Par Laurent Vercueil (CHU de Grenoble)

Monsieur T, 55 ans, présente une épilepsie partielle pharmacorésistante, évoluant depuis l’âge adulte, dont de nombreux traits cliniques (sémiologie critique) et EEG (activité intercritique) sont évocateurs d’une origine temporale. Toutefois, en dépit des explorations répétées, et de la durée d’évolution de cette épilepsie apparue vers l’âge de 25 ans, aucune anomalie structurale n’a été mise en évidence au cours des imageries cérébrales pratiquées (incluant une IRM).

Les traitements antiépileptiques ont probablement empêché que l’accident initial (une crise d’allure généralisée tonico-clonique) ne se reproduise, et ont limité vraisemblablement la survenue de crises comportant une rupture de contact, évènement très rare. En revanche, des crises limitées à une symptomatologie subjective, de durée brève, sont rapportées avec une fréquence élevée, apparemment peu sensibles aux différents essais thérapeutiques.

Mr T. a dû interrompre, suite à la première crise, une carrière prometteuse de pilote dans l’armée de l’air, mais a maintenu une activité professionnelle de bon niveau. Il est à présent impliqué dans la vie politique de sa localité, et communique volontiers, au cours de la consultation, son expérience subjective des manifestations critiques : les crises débutent par une sensation de déjà vu-déjà vécu, très brève, parfois mieux définie, selon les termes du patient, par un « déjà rêvé », suivie d’un partage de la conscience en deux champs séparés, simultanés.

Deux consciences coexistent, toutes les deux habitées par un « moi », qui est le même, mais dont le contenu respectif est différent. Les deux consciences semblent s’opposer, puisque chacune prend « le dessus » successivement, et que l’une est identifiée comme « parasite », tandis que l’autre serait l’« authentique ».

Au cours de la consultation, nous convenons d’une représentation schématique de cette séparation brutale du flux de conscience. Initialement apparaît la conscience « parasite » qui impose au sujet le besoin de déplacer un objet de son environnement visuel proche (« comme si je devais ranger quelque chose »).
Simultanément, un deuxième champ de conscience, qui paraît affaibli, au second plan, « immobilise » le sujet en le retenant dans l’exécution de la consigne motrice du premier champ de conscience.

Progressivement, ce second champ se restaure dans sa capacité à intégrer la réalité, et à intervenir sur le comportement. Lorsqu’il devient prééminent, le patient réalise qu’il présente une crise (qu’il nomme une « absence »), et qu’il lui est facile de s’opposer aux incitations de la conscience « parasite ». L’amenuisement progressif de celle-ci vers l’évanouissement, cède la place au retour du flux unitaire de conscience normale. C’est la fin de la crise.

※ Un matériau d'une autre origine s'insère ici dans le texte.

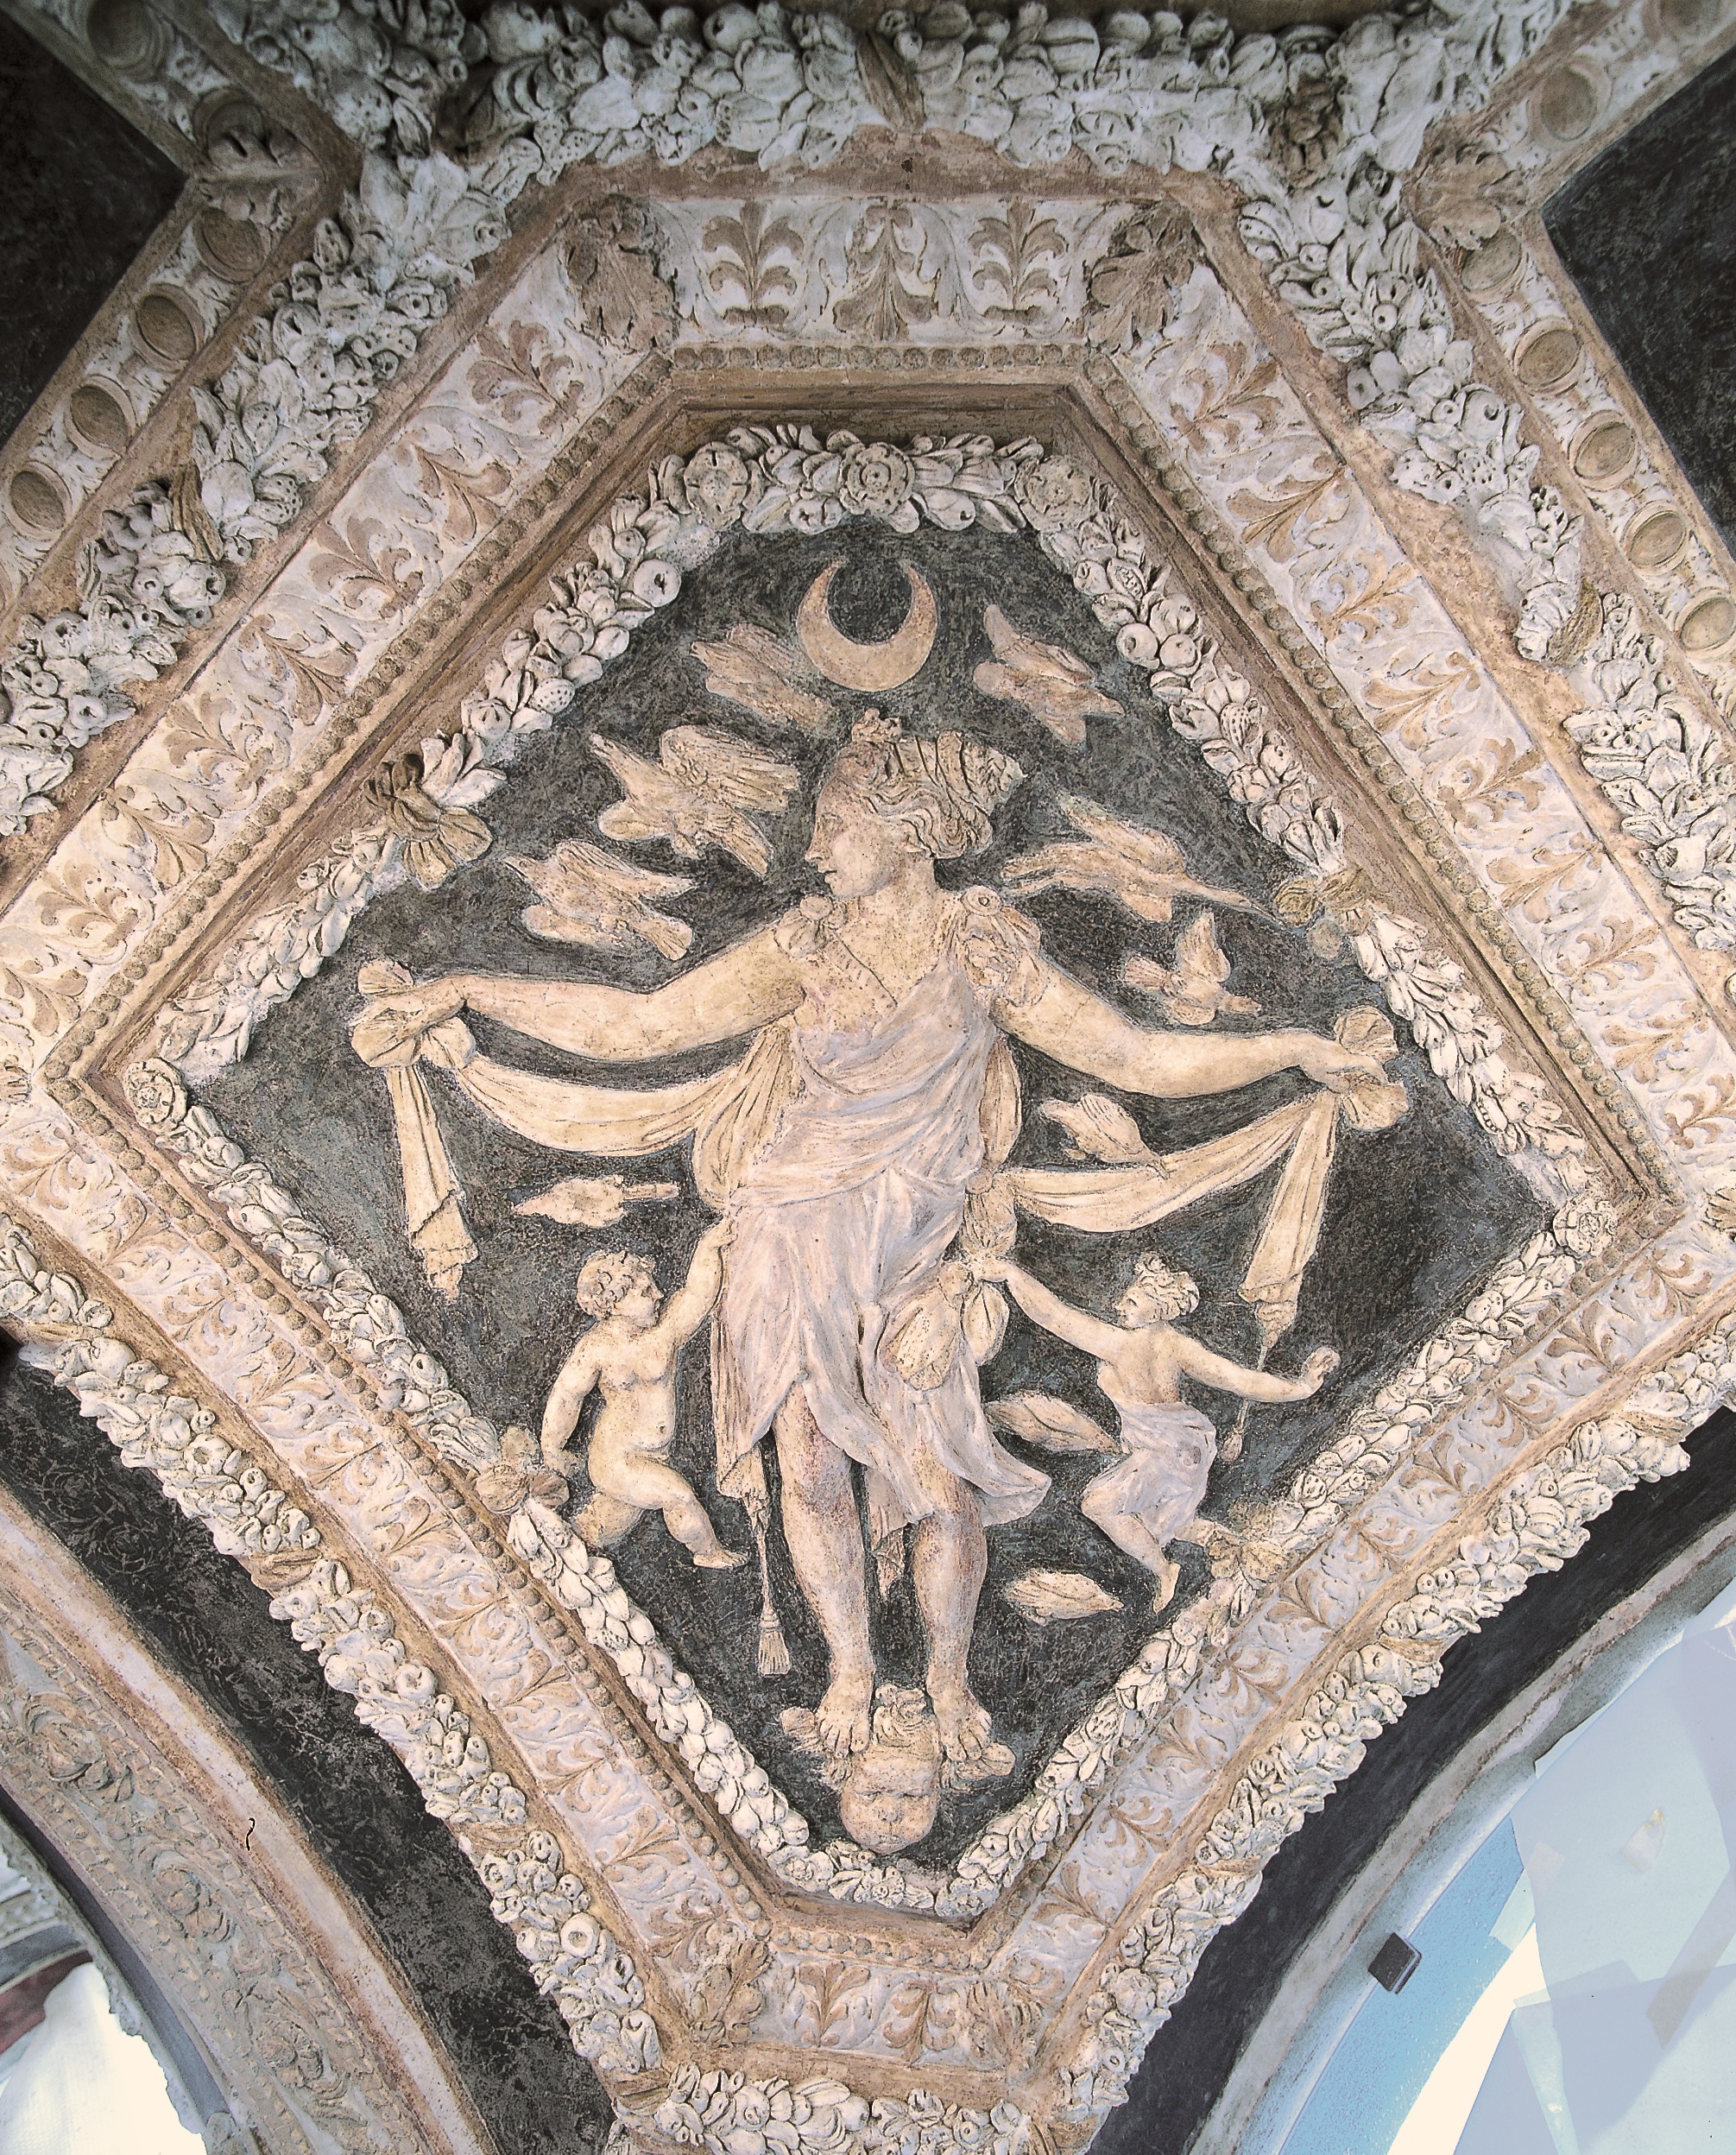 Stucco decorations in the Loggia degli Eroi
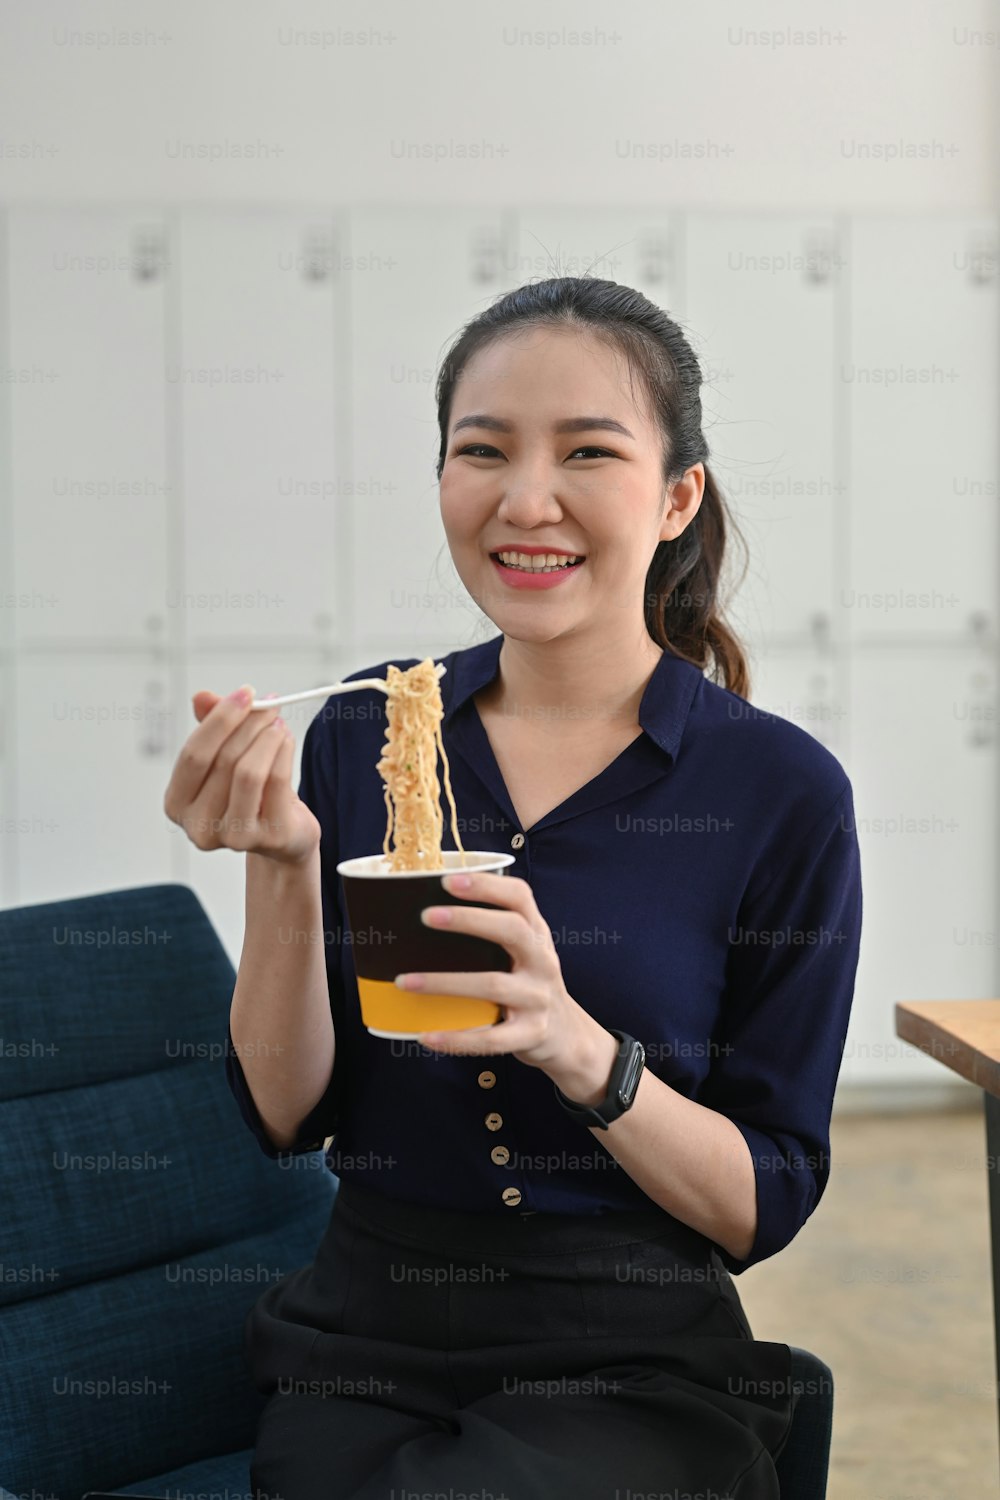 オフィスでインスタントラーメンを食べるプラスチック製のフォークを持っている笑顔のアジア人女性。

Le terme de « diplopie mentale » a été proposé par Jackson pour décrire le « dédoublement de la conscience » qui peut survenir au cours du « dreamy state ». Il est curieux que, sur le plan de la terminologie, l’« état de rêve » et le dédoublement de la conscience aient fait l’objet d’un rapprochement.
Comme si le rêveur, qui peut être amené à prendre conscience qu’il rêve, et donc, se sachant en train de rêver, expérimente véritablement ce dédoublement de conscience.

De fait, le « dreamy state » incluait, selon Jackson (voir référence 1 pour description complète), outre la sensation épigastrique, l’impression subjective de « déjà vu-déjà vécu » ainsi que des phénomènes de réminiscence autobiographique, dont on sait qu’ils sont particulièrement liés aux crises temporales et peuvent être induits par les stimulations de l’amygdale (45%), de l’hippocampe (37,5%) ou du gyrus para-hippocampique (17,5%) (2).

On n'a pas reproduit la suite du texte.